I used to embrace a “clean as you go” mentality. This works really well when you only have one child, and that child is a baby.
With five kids, I’ll occasionally take an item from one room to another to put away, but only if I’m going that way. I’ll try to put away the game when we’re done playing it, or take a dish to the sink.
But I don’t stress over it. Overall, I’ve moved away from a “clean as you go” mentality and replaced it with a “wait and do it all at once” mentality.
Why? Because I’ve found it to be much more efficient for my limited time and energy.
Some examples of “wait and do it all at once”…

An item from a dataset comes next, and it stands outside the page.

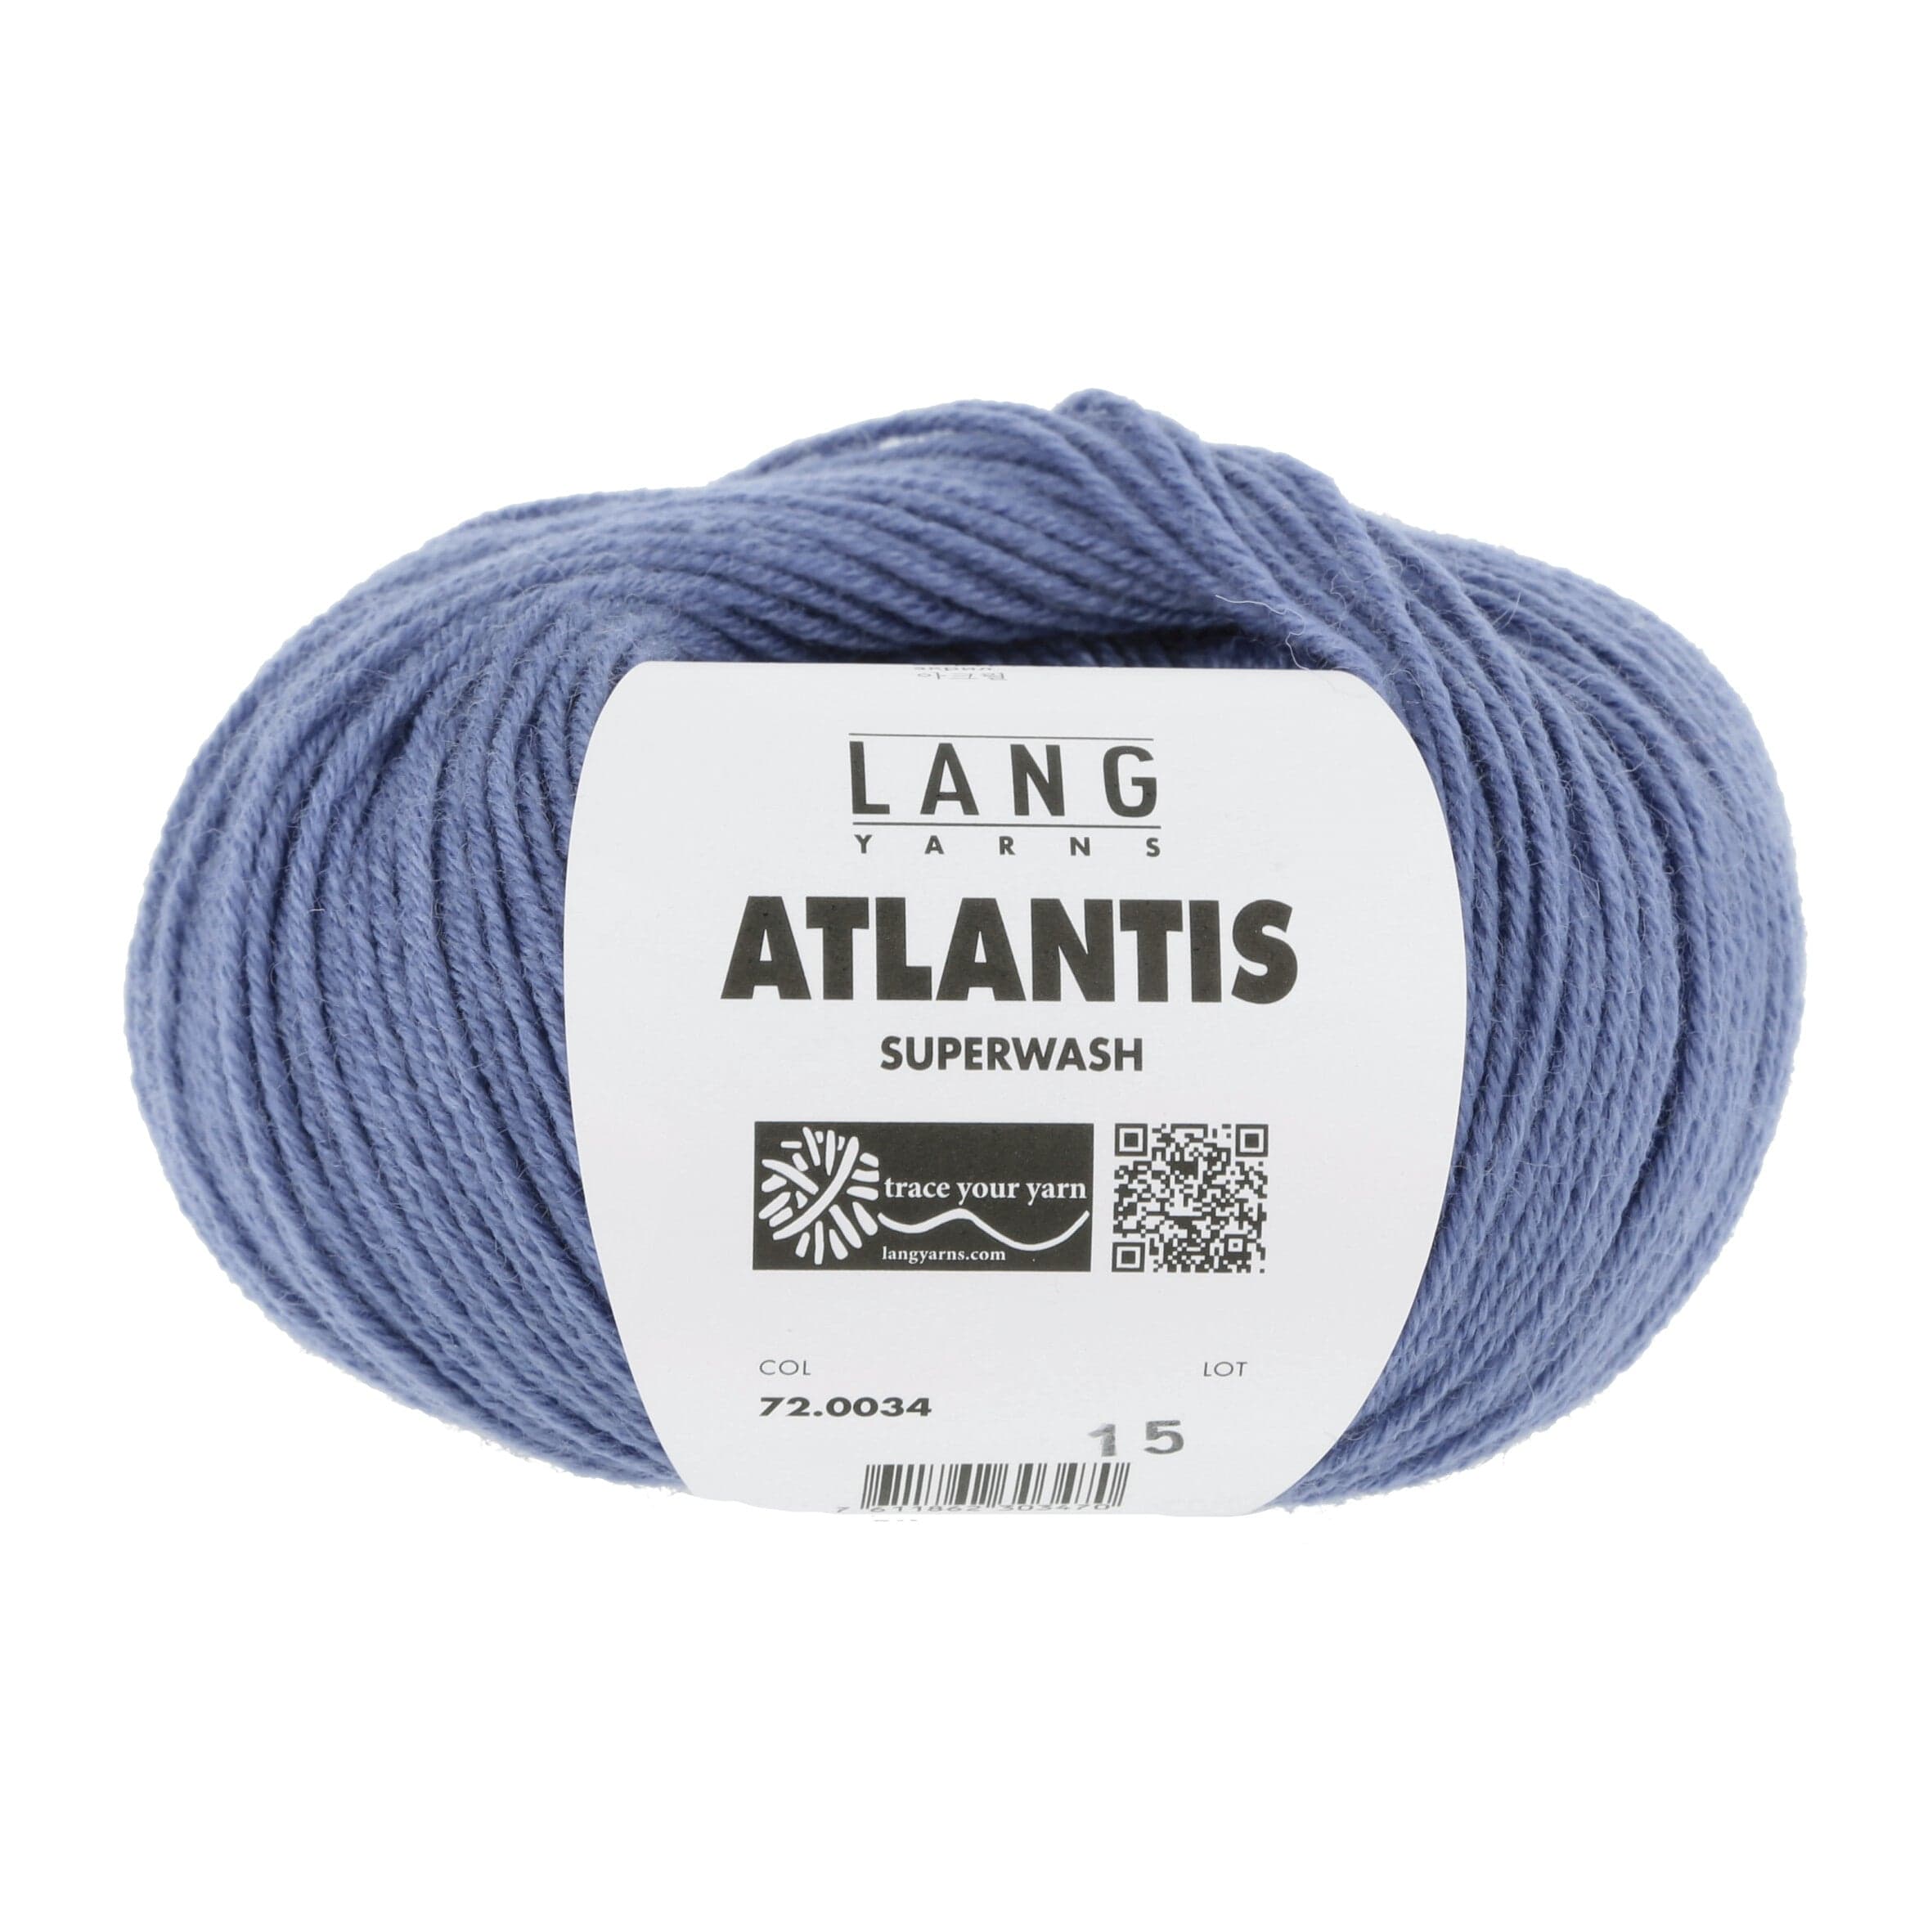 LANG YARNS Garn 0034 - blau ATLANTIS

- Round up dishes from around the house at the end of day and do all the dishes/load the dishwasher at once.
- Pick up the living room once every morning while you wait for your coffee to finish brewing.
- Toss non-essential items that need to be put away in a single basket, then put it all away once a week, or daily if you have time.
Take the dishes – I don’t load the dishwasher throughout the day. I haven’t for years.
At the end of the day, one child gathers dishes from around the house, I wash the dishes and pans that require hand washing, and my oldest daughter loads the dishwasher and starts it.
I wish I would have known about this idea in my baby days. I would have saved soooo much energy!
Plus, when you do it all at once, you don’t need to rearrange the dishwasher.
Note: The only time I break the “do it all at once” rule is with laundry. As a family of seven we have far too much laundry to do all in one day, so I do a load a day. I put it in in the morning and put away later that day. But if it’s just and your spouse and a baby, choosing one day a week to get all the laundry done might work well for you.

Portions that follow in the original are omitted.